Untitled, 2023, resin, sourced glass, mesh, mirror, and acrylic 28” x 12” x 7”

Soon after learning about and making handmade paper during a residency with Dieu Donné in 2021, I also started working directly with six women from Qeshm who made new khoos doozi pieces, according to my specifications, for inclusion in my paper works. The image of the piece included here (below) contains some of their khoos doozi textile fragments, mirrors, and mesh. It is more recent: I made it in Anna Benjamin’s paper studio in Philadelphia in 2023. I approach papermaking in the same way I make sculpture, and I feel that the finished works have a sculptural quality.
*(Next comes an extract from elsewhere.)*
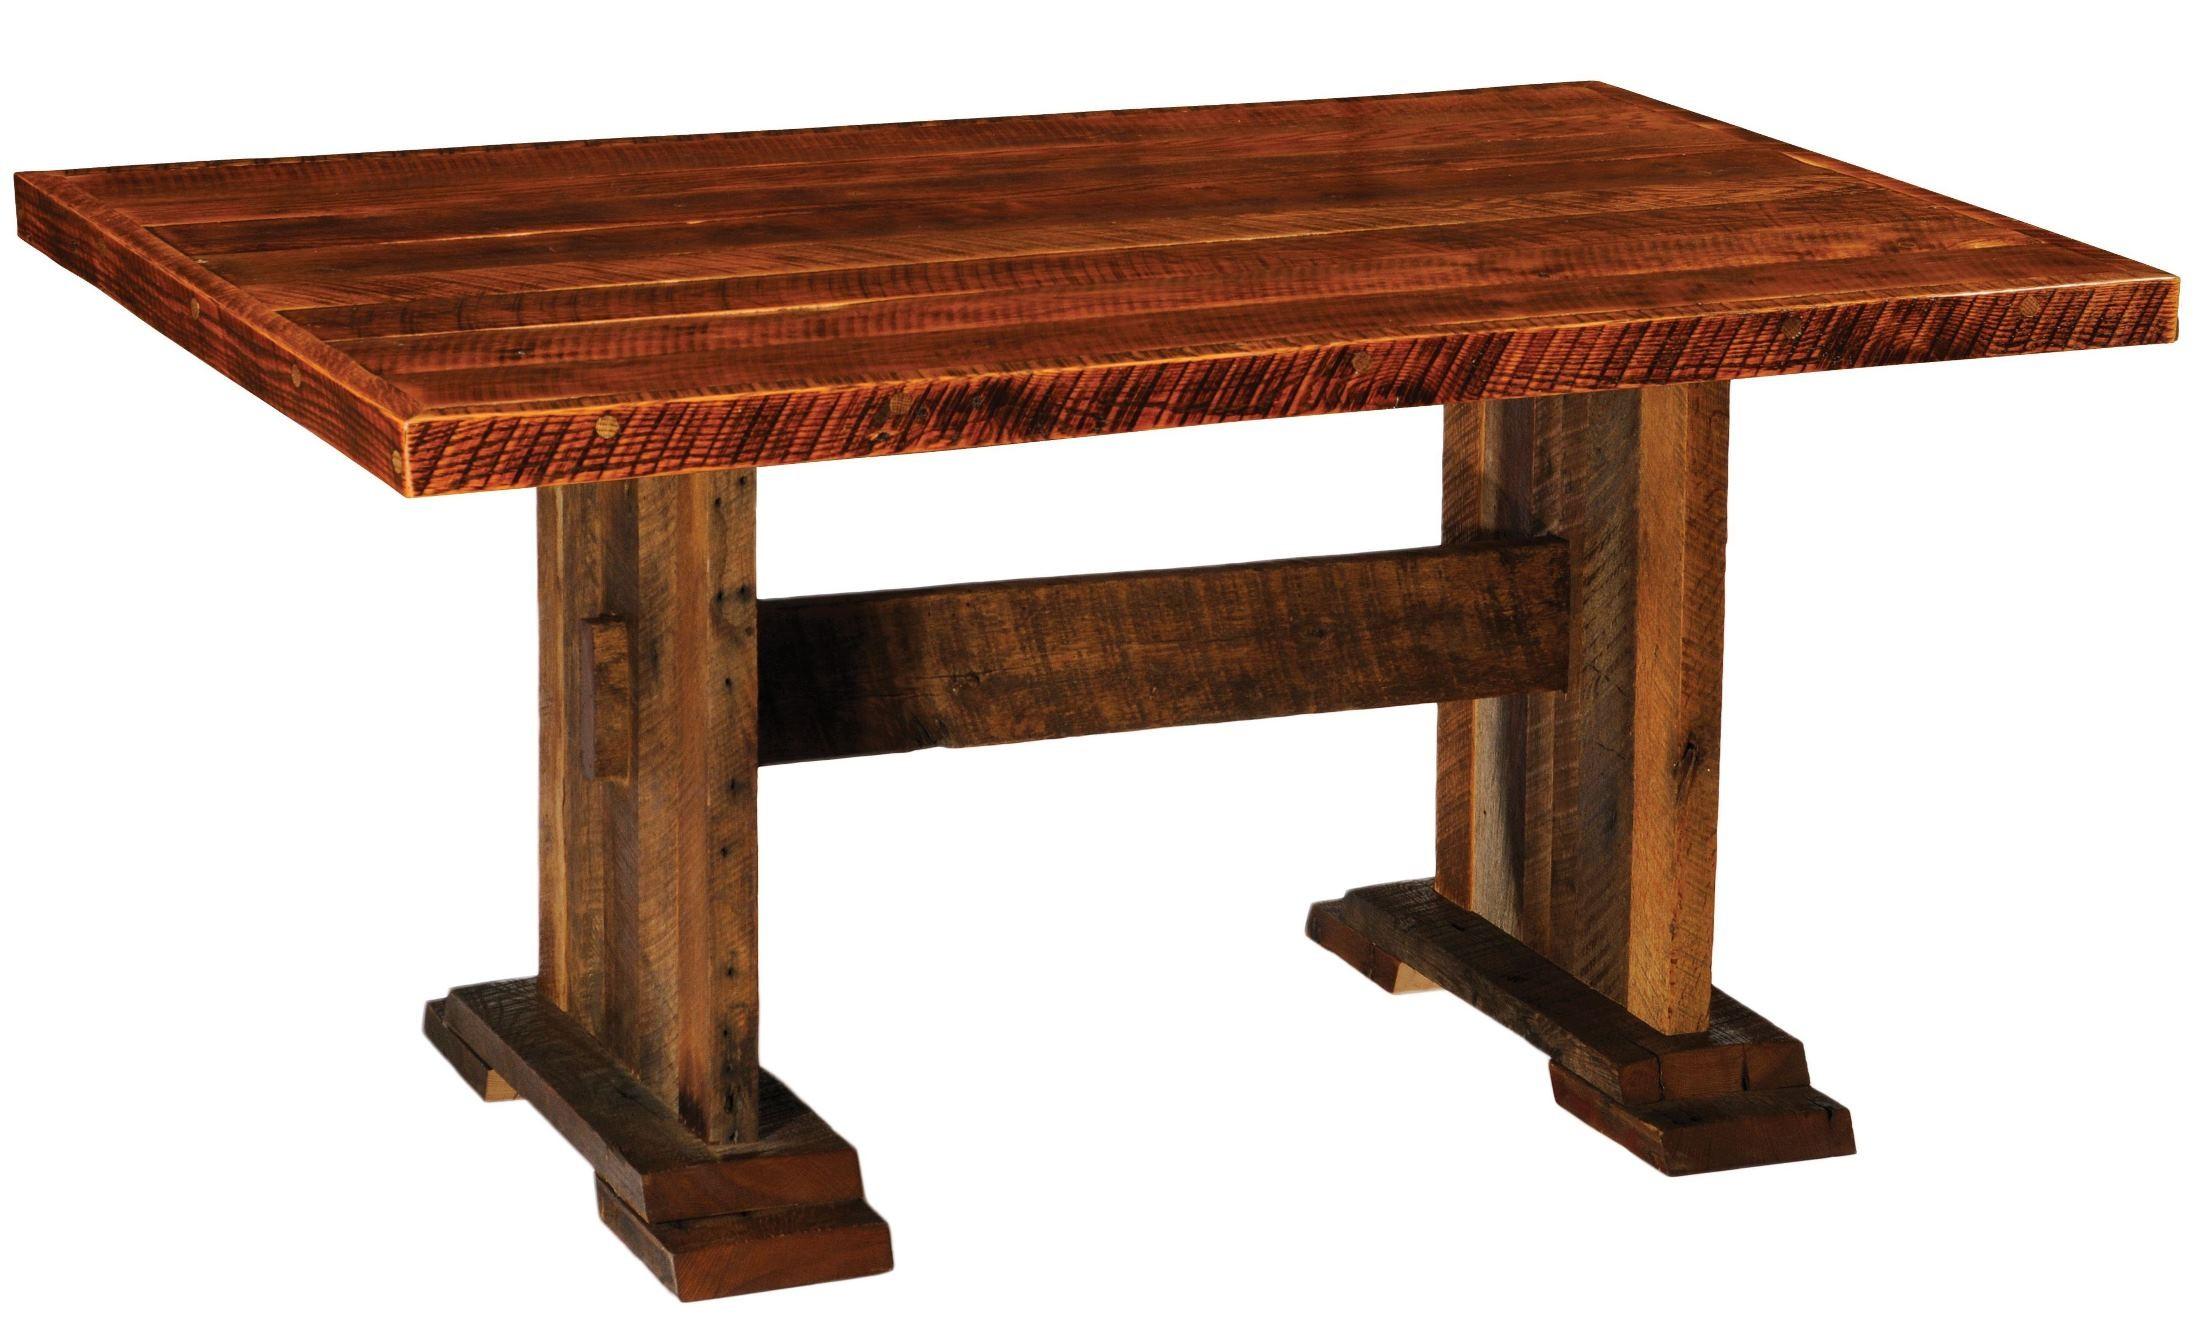 barnwood harvest 60 artison top rectangular dining table from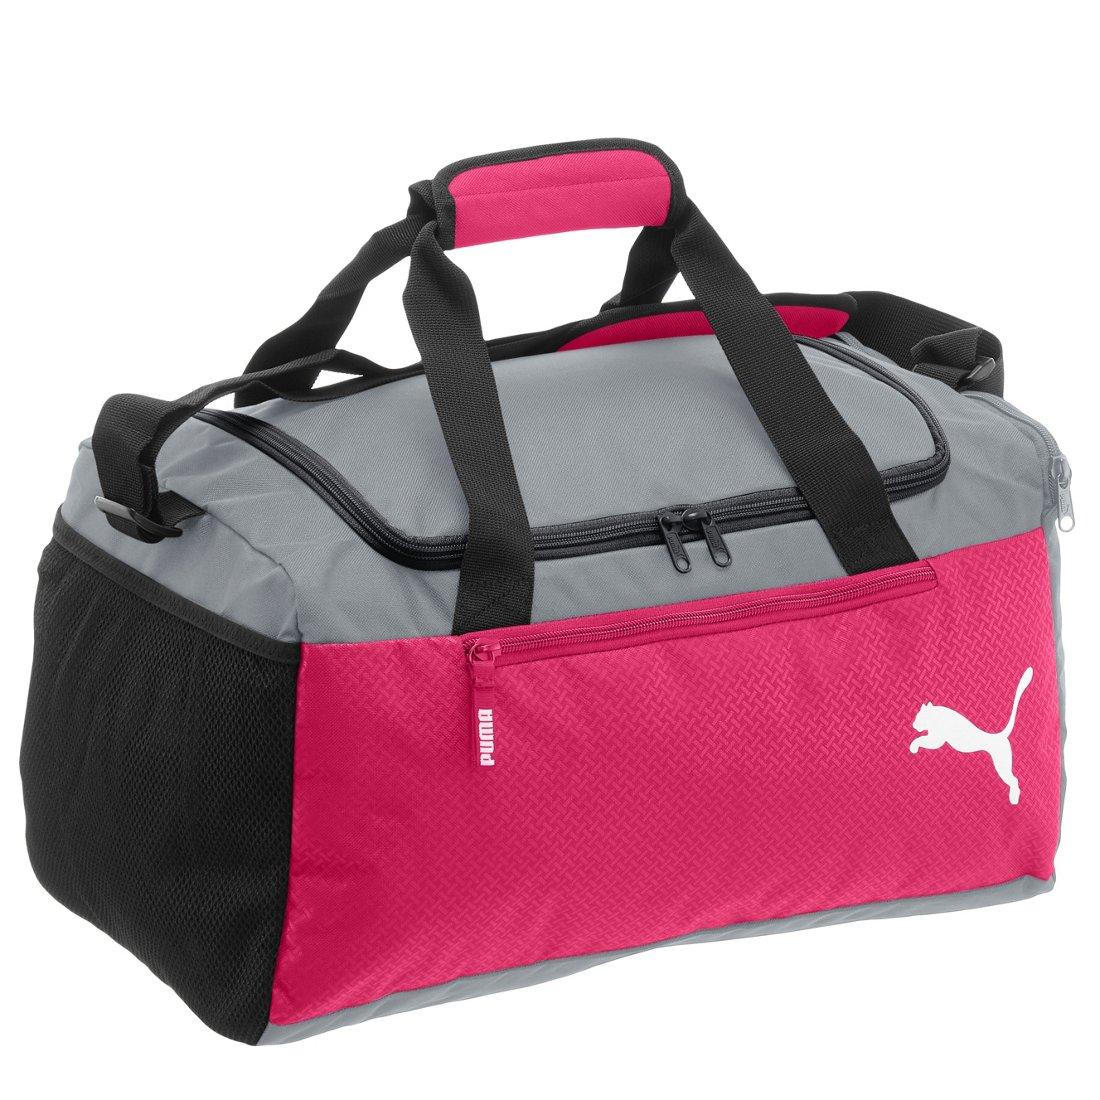 36a7d45fe1 Puma Fundamentals Sports Bag S Sporttasche 45 cm - koffer-direkt.de

My process involves adding and editing, embedding textile fragments in a richly pigmented wet paper sheet, and then layering it with mesh, fabric, mirrors, and paper pulp.  I weave new forms within the paper, recontextualizing traditional crafts into contemporary forms.

Untitled, 2023, pigmented paper pulp, fabric, mesh, mirrors, and
embroidered textile (khoos doozi) 14.5” x 12.5”, photo courtesy Max Yawney

Armita Raafat, Traces and Silences runs through Oct. 22nd at High Noon Gallery, 124 Forsyth St., New York, NY.

About the artist: Armita Raafat is a New York-based sculptor and installation artist. Born in Chicago and raised in Iran, she earned a BFA from Al-Zahra University in Tehran and an MFA from the School of the Art Institute of Chicago. She has exhibited nationally and internationally, including at the MCA Chicago, the Bronx Museum of the Arts, the Children’s Museum of Manhattan, the Noyes Museum of Art, New Jersey; Pavel Zoubok Gallery, New York; Dorsky Gallery, New York; Art in Buildings; New York and Florida; HORSEANDPONY Fine Arts, Berlin; and Al-Zahra University, Tehran. Raafat received the Peter S. Reed Foundation grant for Sculpture and an NYFA fellowship for Crafts/Sculpture. She has been in residence at LMCC Swing Space, AIM at the Bronx Museum of the Arts, Winter Workspace at Wave Hill, and Workspace Program at Dieu Donné. Her work has been written about in publications such as Art in America, the Brooklyn Rail, Artcritical, and others. She has a studio with the Elizabeth Foundation for the Arts in New York.